3) (35 points) Draw a correct Lewis electron dot (Valence Bond) structure for the
following two species. Make sure that formal charge is optimized. If the molecule
exhibits resonance, draw the Lewis structures of all resonance forms. Also, briefly
describe the three-dimensional structure of the species. For each species, the central
atom is given in bold face.
a) XeOF4 (Xe, Z = 54)
b) PO3- (P, Z = 15)
The electron dot structures are given below. Note on the case of XeOF4
that a double, not a single Xe,O bond is formed. This preferred structure
has zero formal charge on all atoms. In contrast, a structure with a Xe, O
single bond and three lone pairs on the oxygen has a formal charge of -1
on the oxygen and +1 on the xenon. The xenon compound has 6 groups of
charge which would be expected to arrange themselves at the 6 corners of
an octahedron. The heavy atoms attached to the xenon would form a
square pyramid.
Three resonance structures that minimize formal charge are possible for
the phosphite anion. Three groups of charge are present and a perfect
trigonal planar structure is expected with a P-O-P bond angle of exactly
120 and a P,O bond length intermediate between that of P,O single and
double bonds.
4) (15 points) An atomic orbital is displayed below. Provide the following information as
well as the basis for your answers: the value of the quantum number l, the value of the
quantum number |ml|, and the probability of finding an electron in the orbital close to the
nucleus.
We see three nodal planes in the orbital so l = 3. (Note the change in the
sign of the lobes as one moves from top to bottom, then left to right, and
finally front to rear.) Two of these nodal planes contain the z axis so |ml|
= 2.
The three nodal planes intersect at the origin so the value of the
wavefunction and therefore its square, the probability, will be exactly zero
on these planes and at the nucleus.

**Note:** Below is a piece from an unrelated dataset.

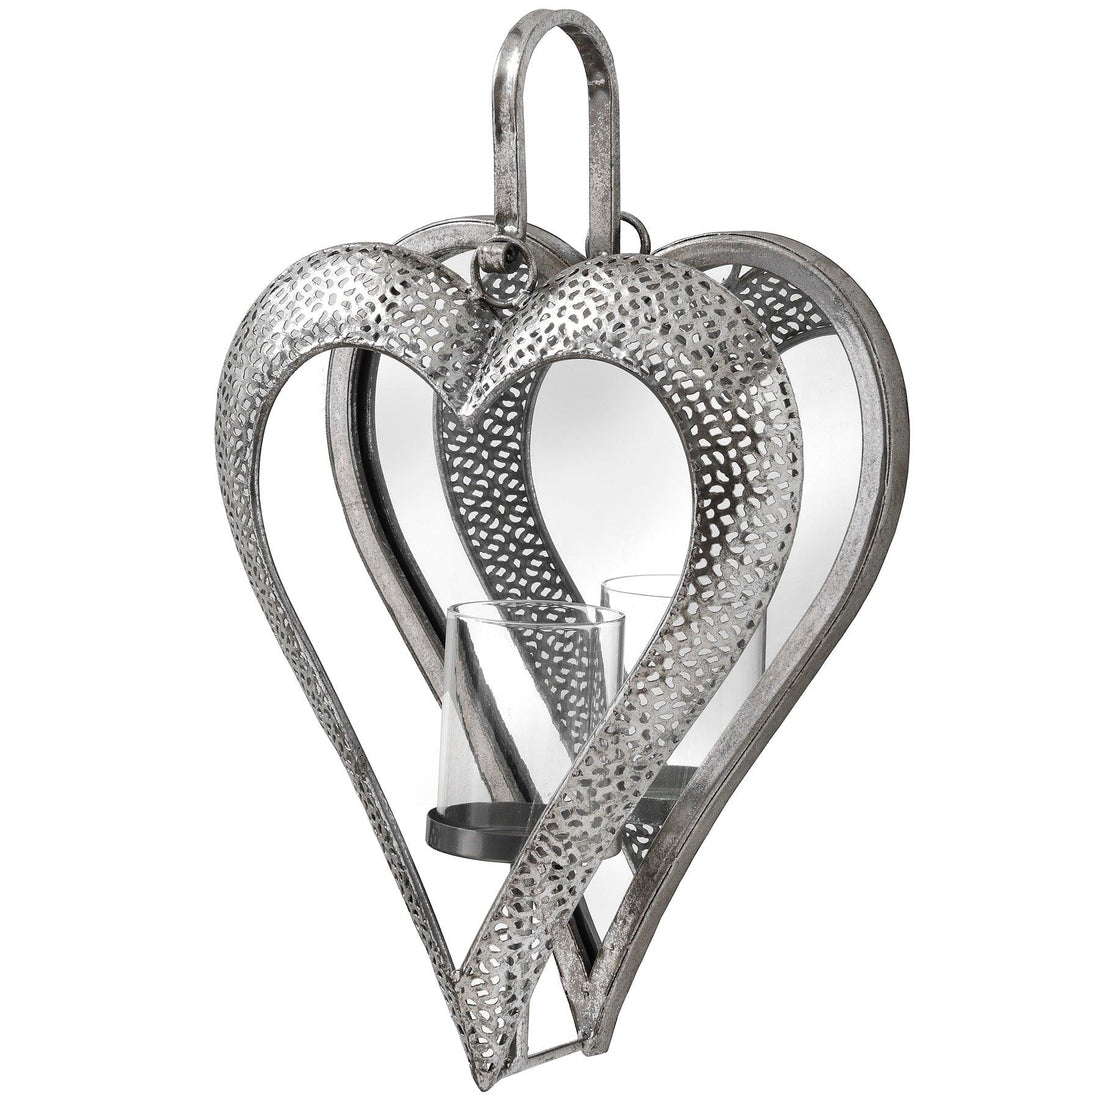 Antique Silver Heart Mirrored Tealight Holder in Small - £59.95 - Gifts & Accessories > Candle Holders > Candle Holders 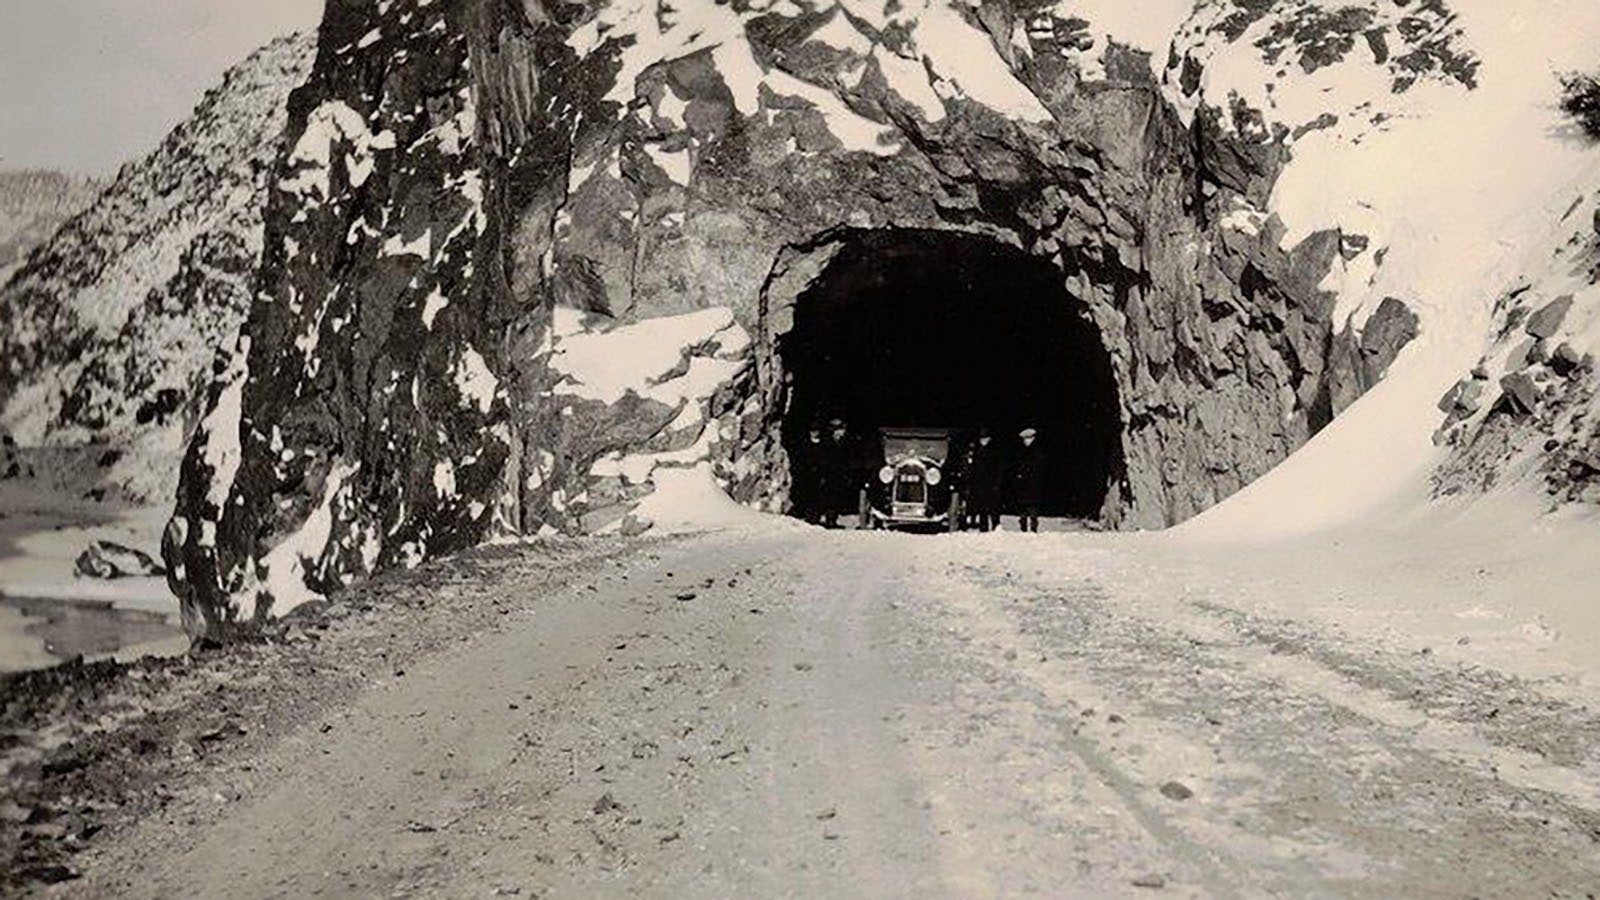 Coming through the second tunnel of the Yellowstone Highway in Wind River Canyon during the first trip on the road in 1924.

The question, however, asked about
the probability close to the nucleus. A second principle can be applied to
address this question. A moderately high value of l results in significant
orbital angular momentum and hence a high centrifugal force that will
prevent a electron represented by this orbital from getting close to the
nucleus. Therefore, the probability of finding the electron rapidly
decreases as one approached the nucleus. Quantitatively, the probability
is proportional to r6 [6 = 2(l) = 2(3)].